The generated proofs can be efficiently encoded into the same proof format described above. Verifiers only have the added constraint that none of the data should be abbridged (all nodes contain a key and value, rather than just a hash or kvhash). After first downloading and verifying the trunk, verifiers can also download leaf chunks in parallel and verify that each connects to the trunk by comparing each subtree's root hash.

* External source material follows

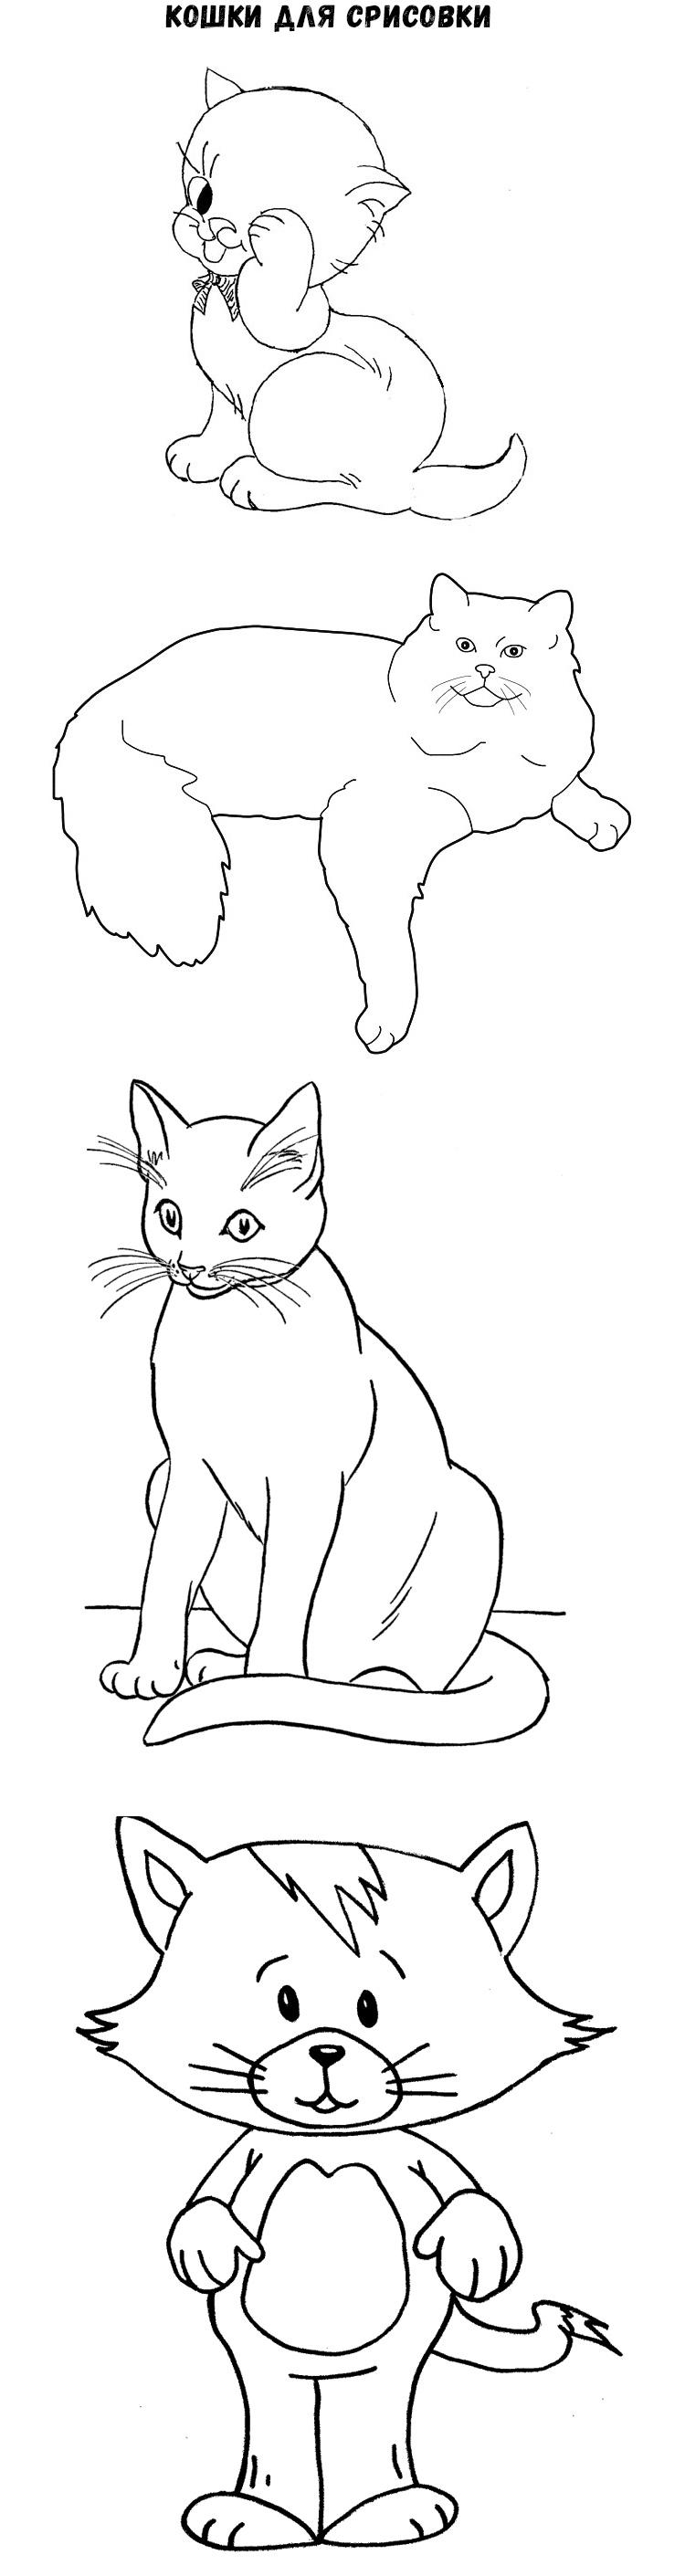 кошки для срисовки
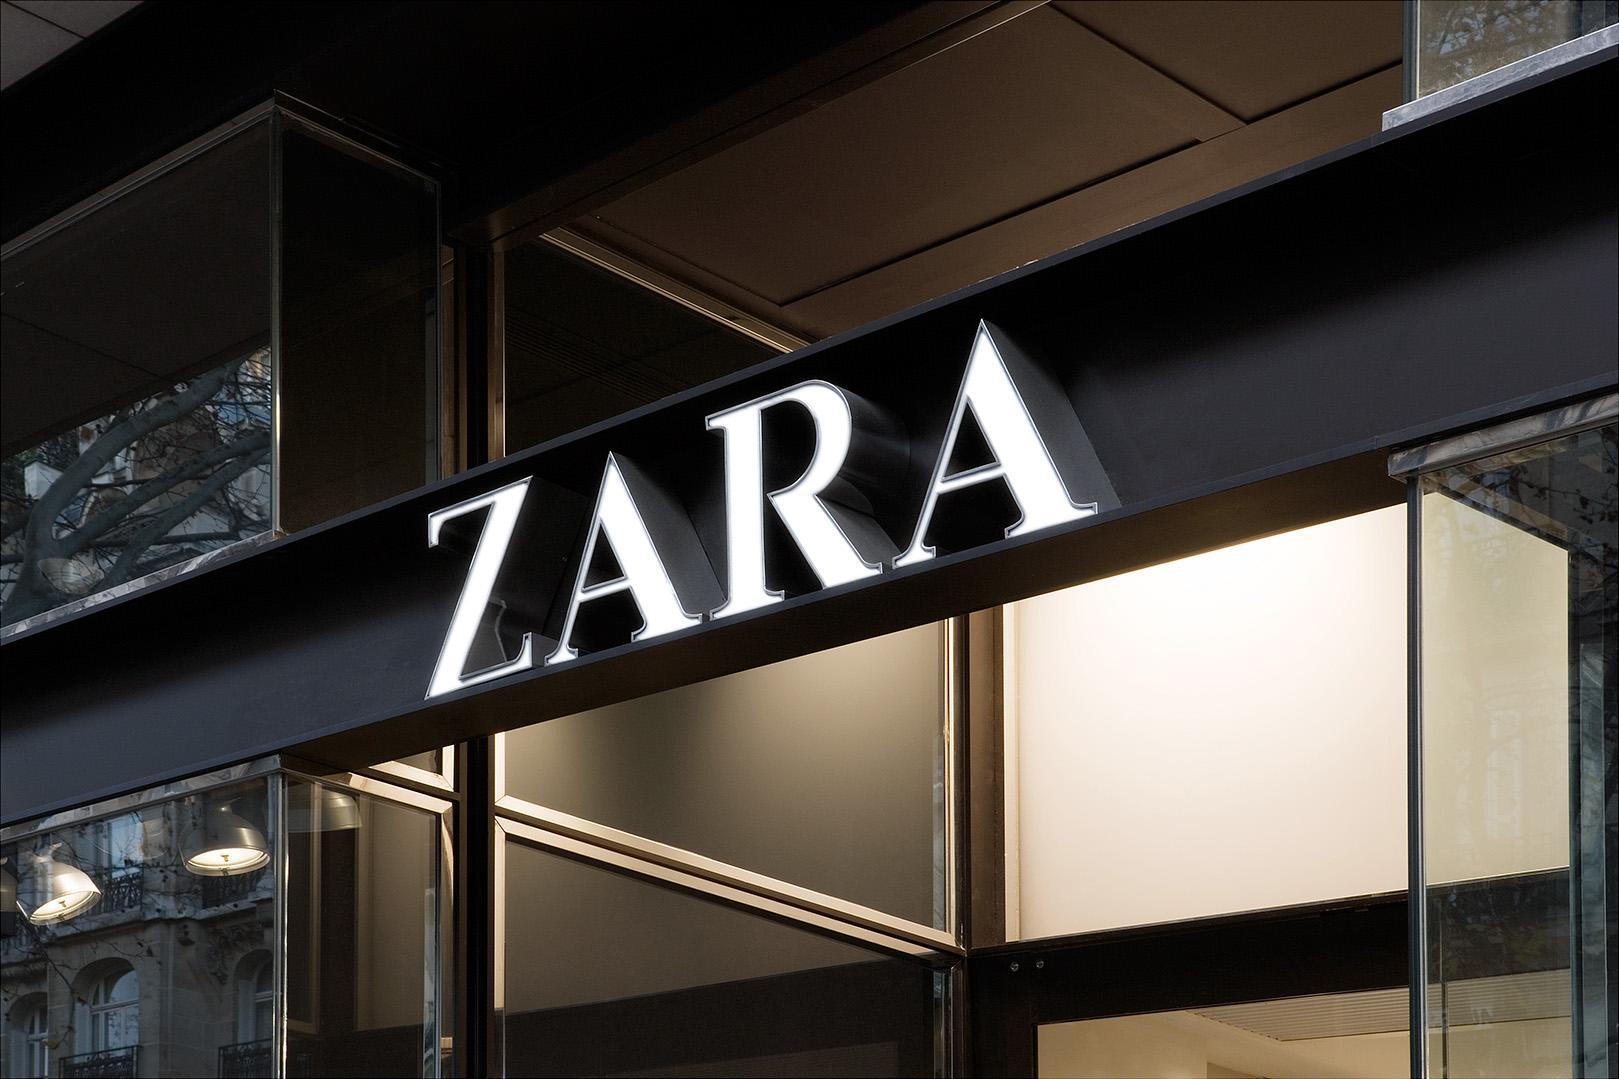 zara首次被判抄袭 快时尚侵权现弊端

Note that this algorithm produces proofs with very little memory requirements, plus little overhead added to the sequential read from disk. In a proof-of-concept benchmark, proof generation was measured to be ~750 MB/s on a modern solid-state drive and processor, meaning a 4GB state tree (the size of the Cosmos Hub state at the time of writing) could be fully proven in ~5 seconds (without considering parallelization). In conjunction with the RocksDB checkpoint feature, this process can happen in the background without blocking the node from executing later blocks.

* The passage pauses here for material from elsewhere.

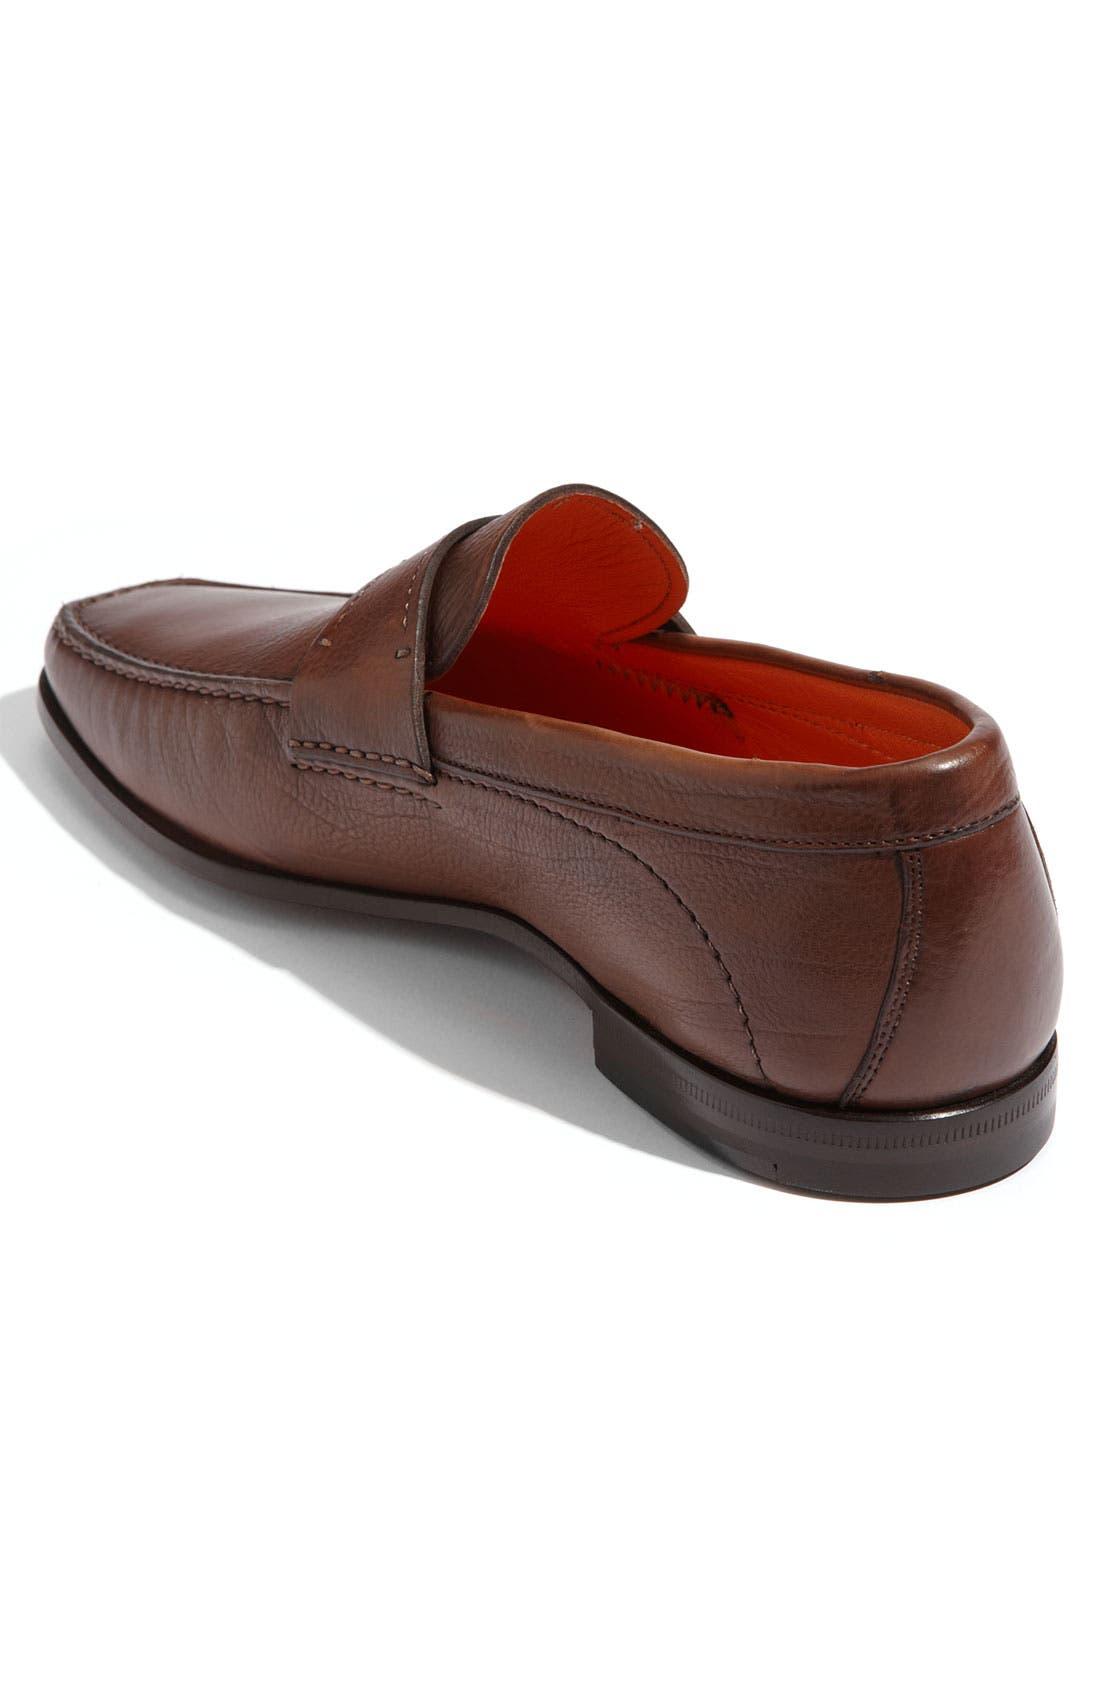 Alternate Image 2  - Santoni 'Quest' Loafer (Men)

_Pseudocode for the range proof generation algorithm:_

- Given a tree and a range of keys to prove:
  - Create a stack of keys (initially empty)
  - **Range iteration:** for every key/value entry within the query range in the backing store:
    - Append `Push(KV(key, value))` to the proof
    - If the current node has a left child, append `Parent` to the proof
    - If the current node has a right child, push the right child's key onto the key stack
    - If the current node does not have a right child:
      - While the current node's key is greater than or equal to the key at the top of the key stack, append `Child` to the proof and pop from the key stack

Note that this algorithm produces the proof in a streaming fashion and has very little memory requirements (the only overhead is the key stack, which will be small even for extremely large trees since its length is a maximum of `log N`).

#### Example Proofs

Let's walk through a concrete proof example. Consider the following tree:

```
       5
      / \
    /     \
  2        9
 / \      /  \
1   4    7    11
   /    / \   /
  3    6   8 10
```

_Small proof:_

First, let's create a proof for a small part of the tree. Let's say the user makes a query for keys `1, 2, 3, 4`.

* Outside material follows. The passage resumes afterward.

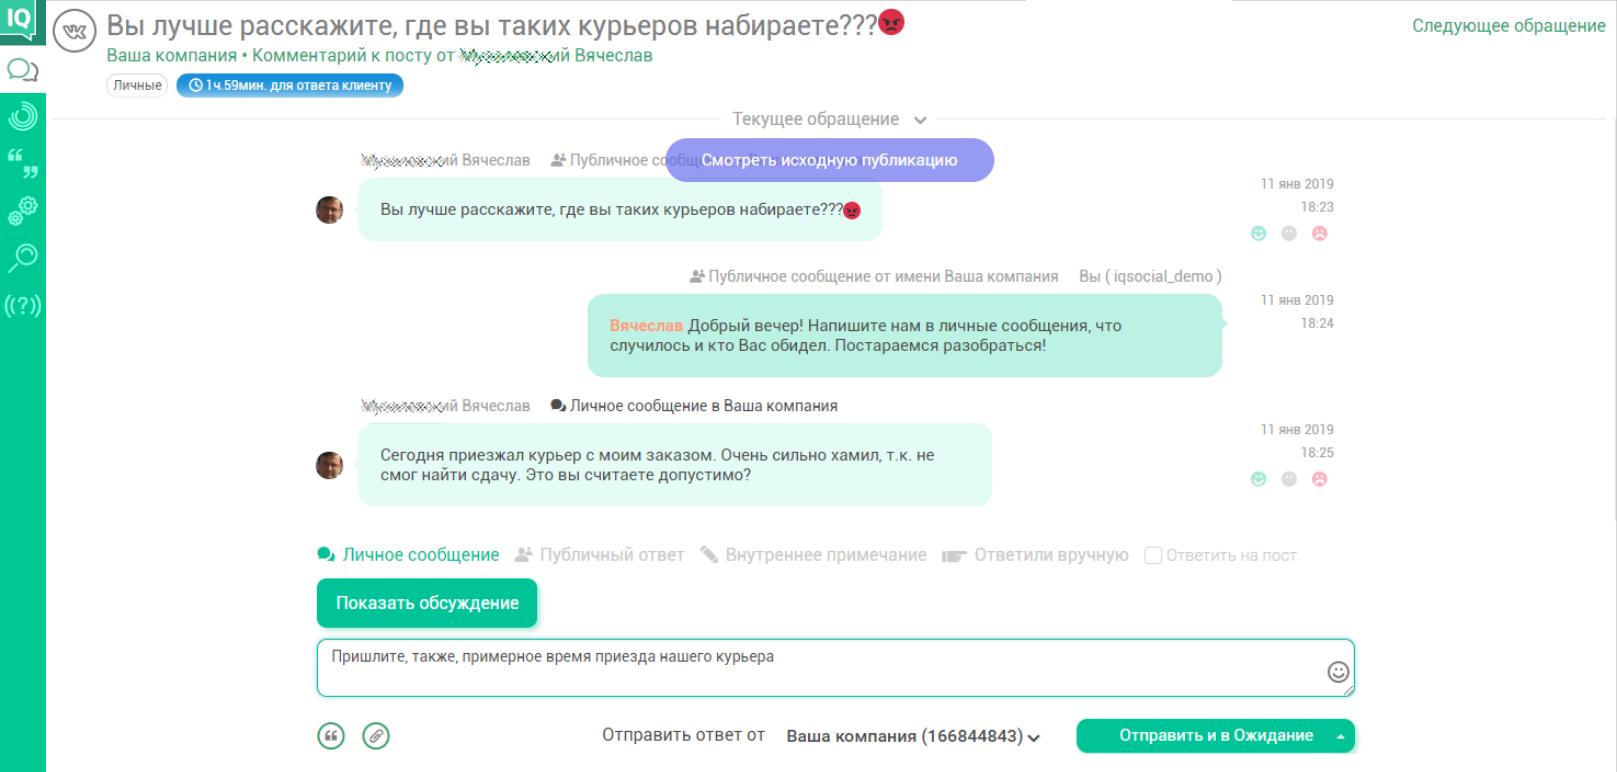 Общение с клиентами в соцмедиа через систему мониторинга и работы с социальными сетями IQSocial

If we follow our proof generation algorithm, we should get a proof that looks like this:

```
Push(KV(1, <value of 1>)),
Push(KV(2, <value of 2>)),
Parent,
Push(KV(3, <value of 3>)),
Push(KV(4, <value of 4>)),
Parent,
Child,
Push(KVHash(<kv_hash of 5>)),
Parent,
Push(Hash(<hash of 9>)),
Child
```

Let's step through verification to show that this proof works. We'll create a verification stack, which starts out empty, and walk through each operator in the proof, in order:

```
Stack: (empty)
```

We will push a key/value pair on the stack, creating a node. However, note that for verification purposes this node will only need to contain the kv_hash which we will compute at this step.

```
Operator: Push(KV(1, <value of 1>))

Stack:
1
```

```
Operator: Push(KV(2, <value of 2>))

Stack:
1
2
```

Now we connect nodes 1 and 2, with 2 as the parent.

```
Operator: Parent

Stack:
  2
 /
1
```

```
Operator: Push(KV(3, <value of 3>))

Stack:
  2
 /
1
3
```

```
Operator: Push(KV(4, <value of 4>))

Stack:
  2
 /
1
3
4
```

```
Operator: Parent

Stack:
  2
 /
1
  4
 /
3
```

Now connect these two graphs with 4 as the child of 2.

```
Operator: Child

Stack:
  2
 / \
1   4
   /
  3
```

Since the user isn't querying the data from node 5, we only need its kv_hash.

```
Operator: Push(KVHash(<kv_hash of 5>))

Stack:
  2
 / \
1   4
   /
  3
5
```

```
Operator: Parent

Stack:
    5
   /
  2
 / \
1   4
   /
  3
```

We only need the hash of node 9.

```
Operator: Push(Hash(<hash of 9>))

Stack:
    5
   /
  2
 / \
1   4
   /
  3
9
```

```
Operator: Child

Stack:
    5
   / \
  2   9
 / \
1   4
   /
  3
```

Now after going through all these steps, we have sufficient knowlege of the tree's structure and data to compute node hashes in order to verify. At the end, we will have computed a hash for node 5 (the root), and we verify by comparing this hash to the one we expected.